LAPACK/BLAS from FORTRAN on 10.6

Dear all,

since updating to 10.6, I've been struggling with strange crashes in connection with LAPACK/BLAS routines used in my C++ code, when using the Apple LAPACK and BLAS. They are strange in this sense, that I get a "Bus error" in a reproducible fashion, however depending on whether optimization was. Further, even adding an innocent statement such as cout << "Hi" may prevent the crashes - which probably means that there is some subtle memory corruption issue. Up to now, it's hard for me to tell if it's my own fault, or Apple's, but the same code runs fine under a variety of Linux machines. (Desperately waiting for valgrind on 10.6 ...)

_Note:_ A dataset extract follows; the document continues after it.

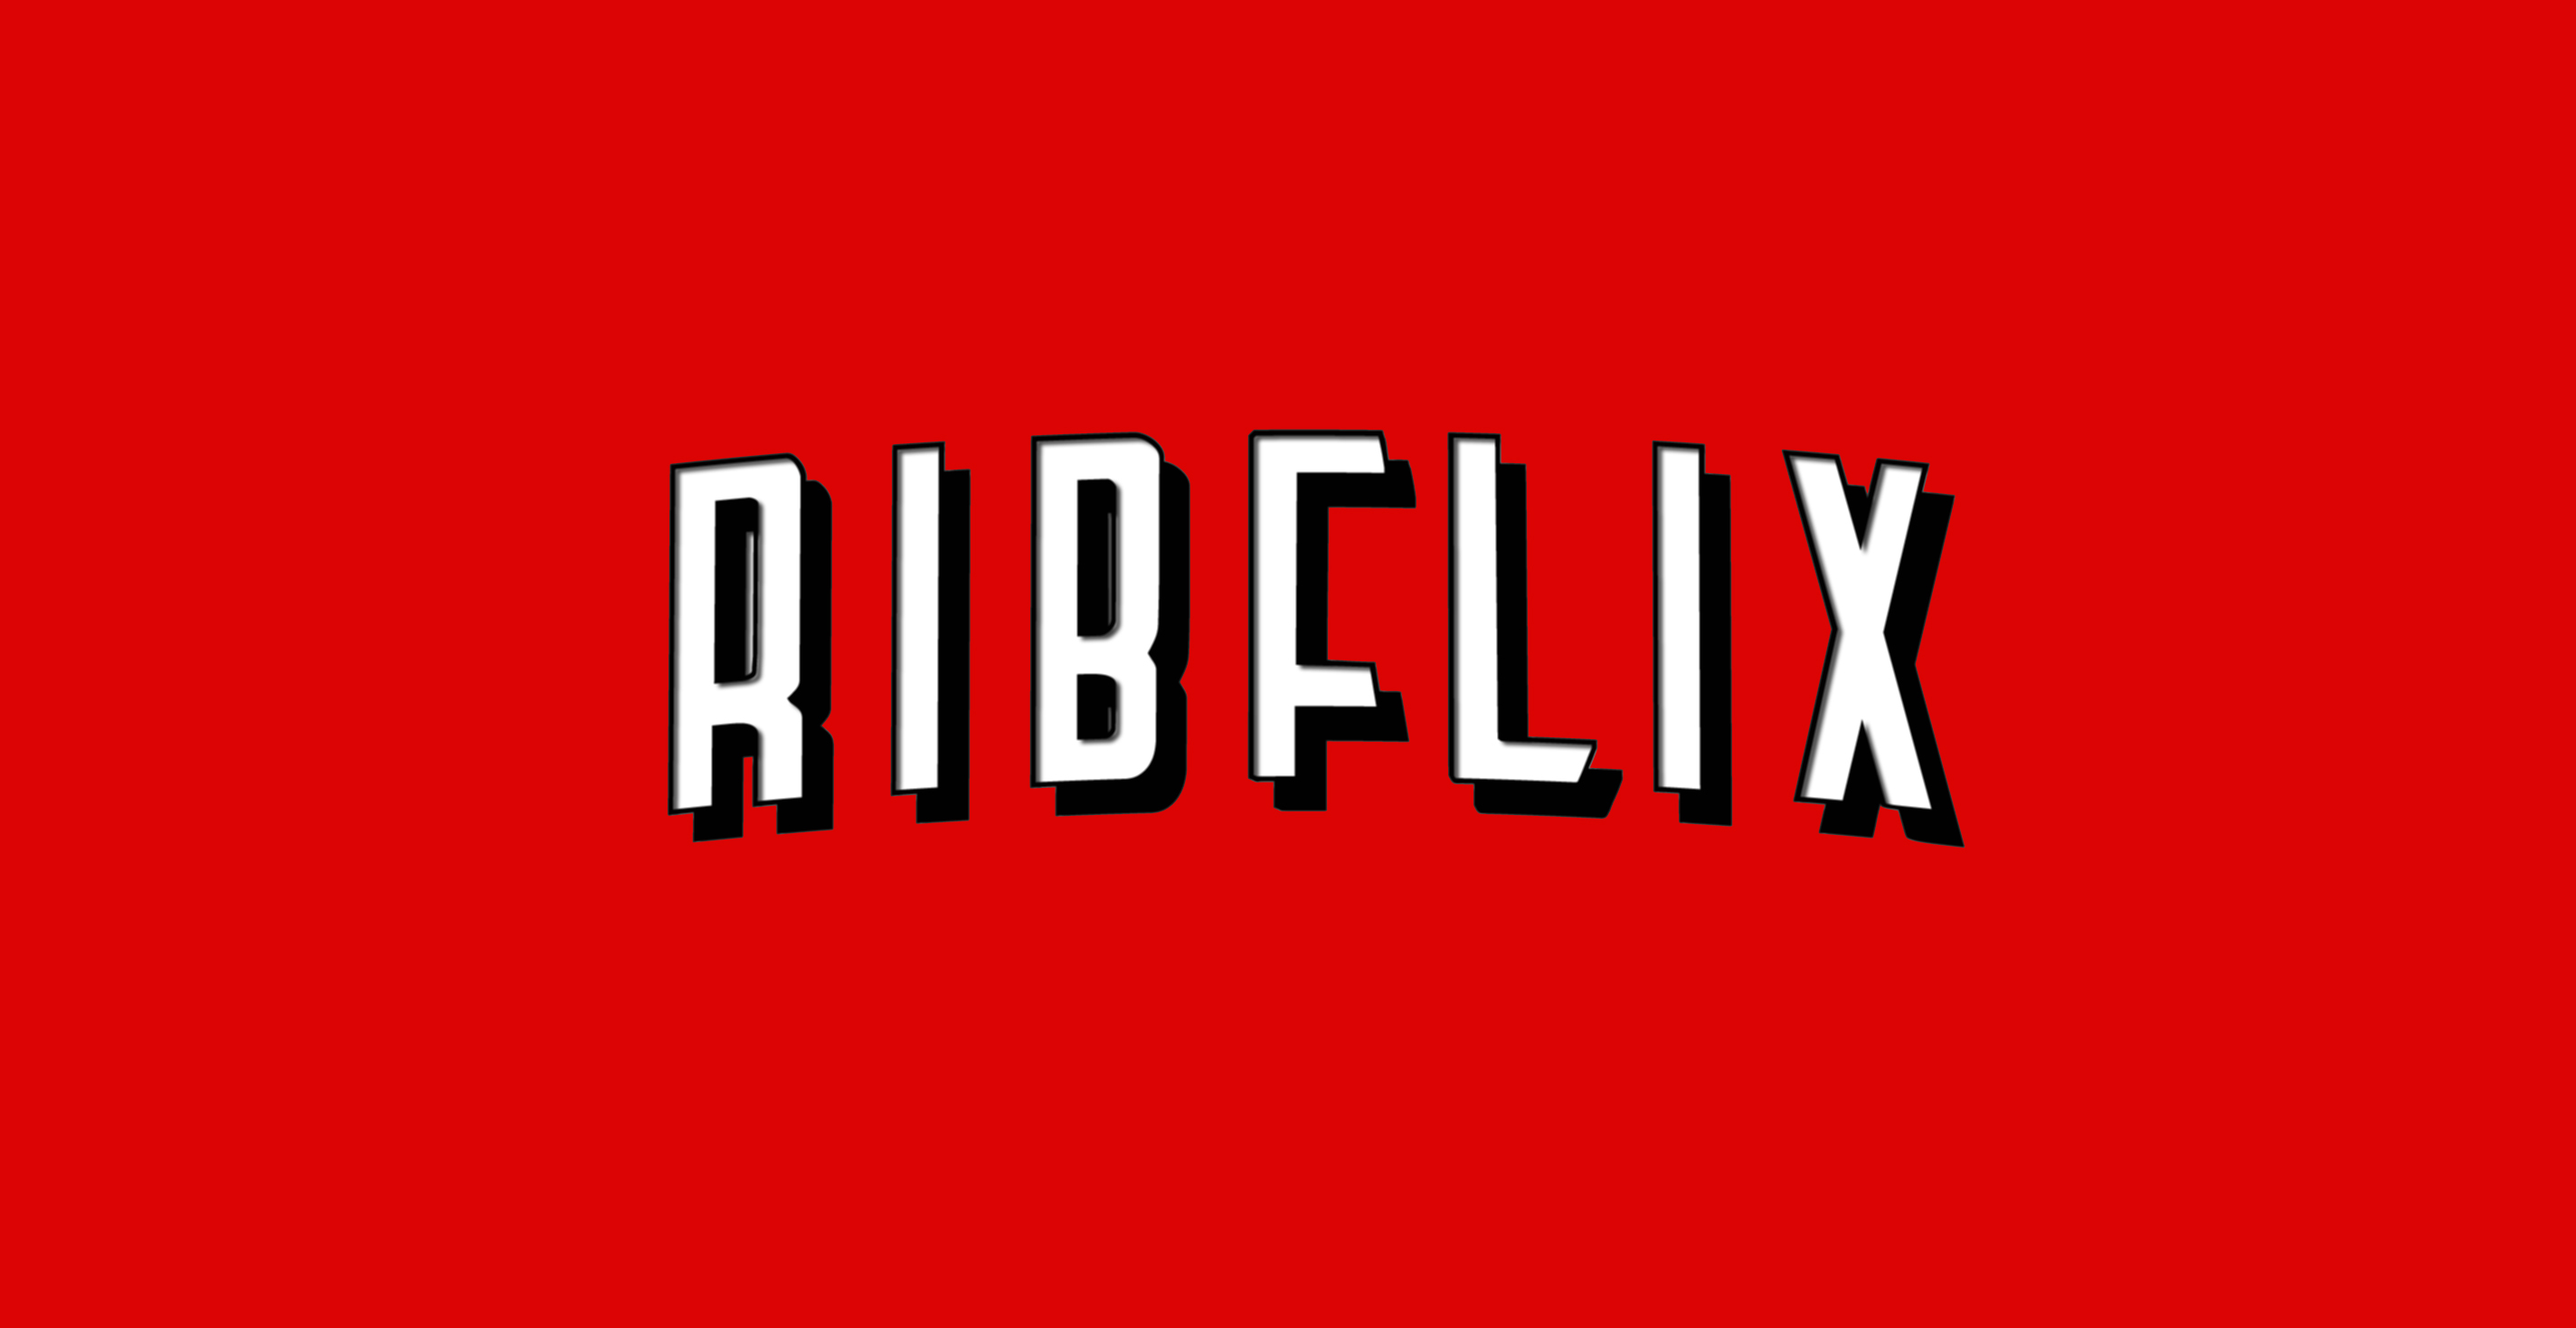 5 Things on Netflix to tell Mike You Binge-Watched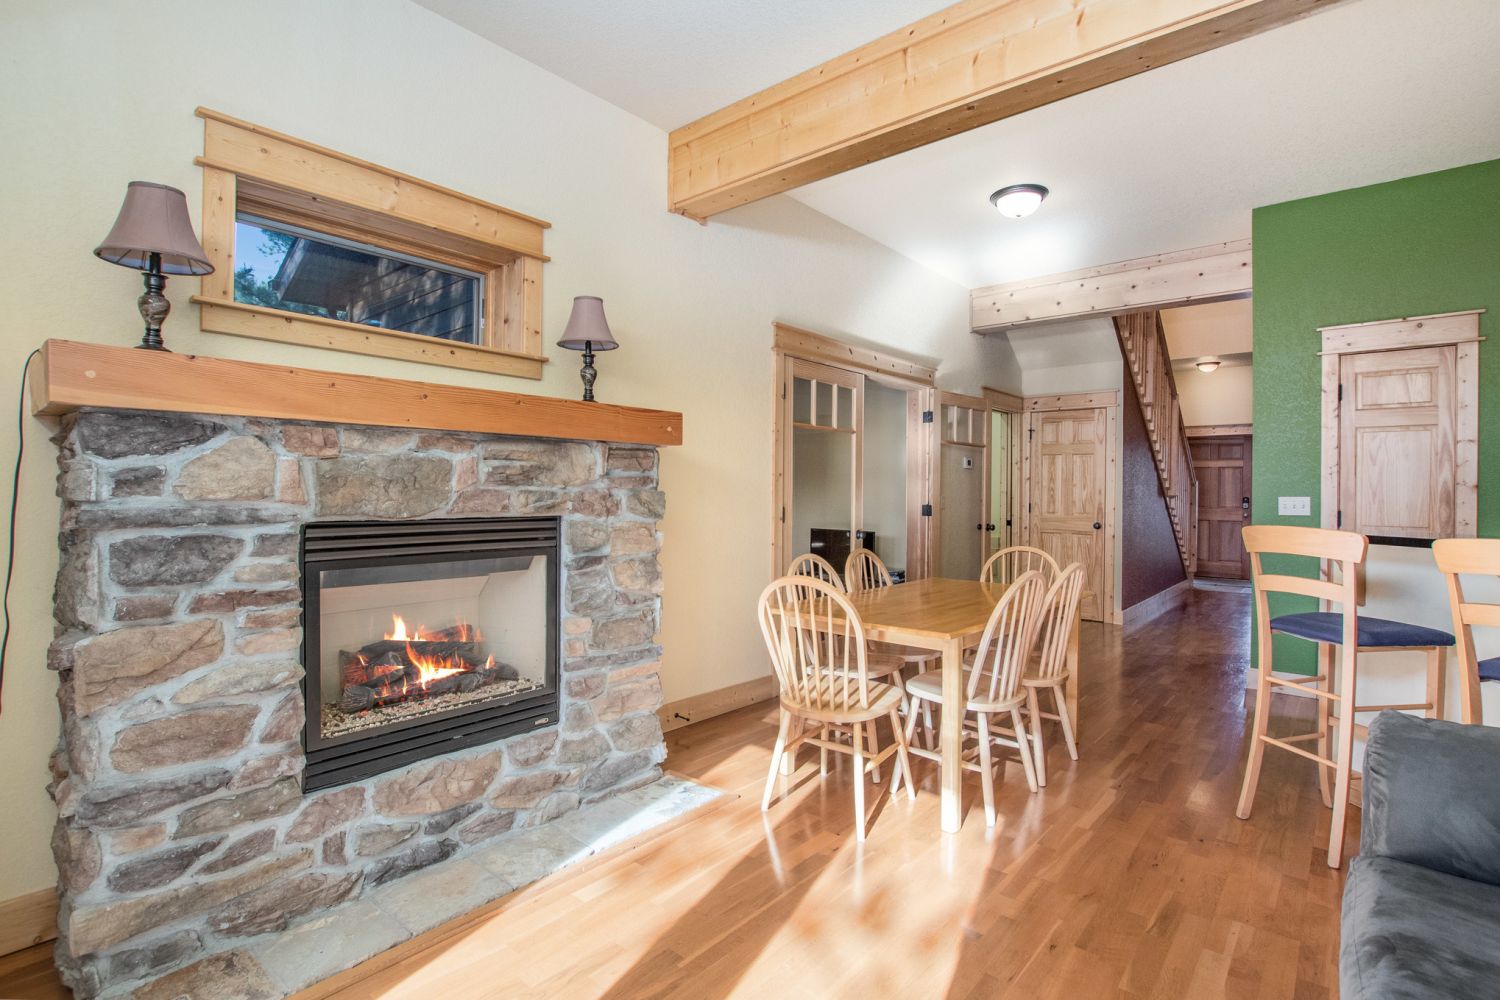 Columbine Meadow - Stone gas fireplace warms the open concept living area.

Anyway, during my search I finally found a reproducible problem (not susceptible to optimization). Consider the following Fortran code:

PROGRAM TEST

COMPLEX*16 A(1), B(1),C
COMPLEX*16 ZDOTC
EXTERNAL ZDOTC

A(1)=1;
B(1)=2;

C=ZDOTC( 1, A, 1, B, 1 )

WRITE (*,*) C

END

(It is essentially just a complicated way of calculating A(1)*B(1))
If I compile this with gfortran (4.5 from hpc.sourceforge.net) or g95 (current version from www.g95.org) and link against the Apple BLAS (-lblas), I always get a Bus error (gfortran) or segfault (g95) at C=ZDOTC ...

Note that this does not happen if I use the manually compiled version of BLAS from netlib.org.

I was wondering if anybody else could reproduce this problem, just to make sure that I didn't overlook something simple ...

Comment viewing options

Select your preferred way to display the comments and click "Save settings" to activate your changes.

confirmed...

I don't have a solution either, but I can confirm that the above code also crashes with a Bus error on my machine when linked against Apple's blas. My machine is Mac OSX 10.6.1, tried gfortran-4.5 as well as gfortran-4.3 from MacPorts. The code works fine when linked against a self-compiled blas from netlib. The crashes seem to be specific to the complex DOT's:

* COMPLEX*16 + ZDOTC --> Bus error
* COMPLEX + CDOTC --> Segmentation fault
* REAL + SDOT --> works
* DOUBLE PRECISION + DDOT --> works

Crashes occur irrespective of the optimization level used. Seems to be a bug in Apple's BLAS on 10.6. Did you already file a bug report on https://bugreport.apple.com/?

I haven't filed a bug yet,

I haven't filed a bug yet, but I will now. Thanks for the confirmation!

Another test

I have now filed a bug with Apple. Seems there was something like this before on PowerPC: http://developer.apple.com/hardwaredrivers/ve/errata.html (Note that this page is several years old, and g77 is esentially dead)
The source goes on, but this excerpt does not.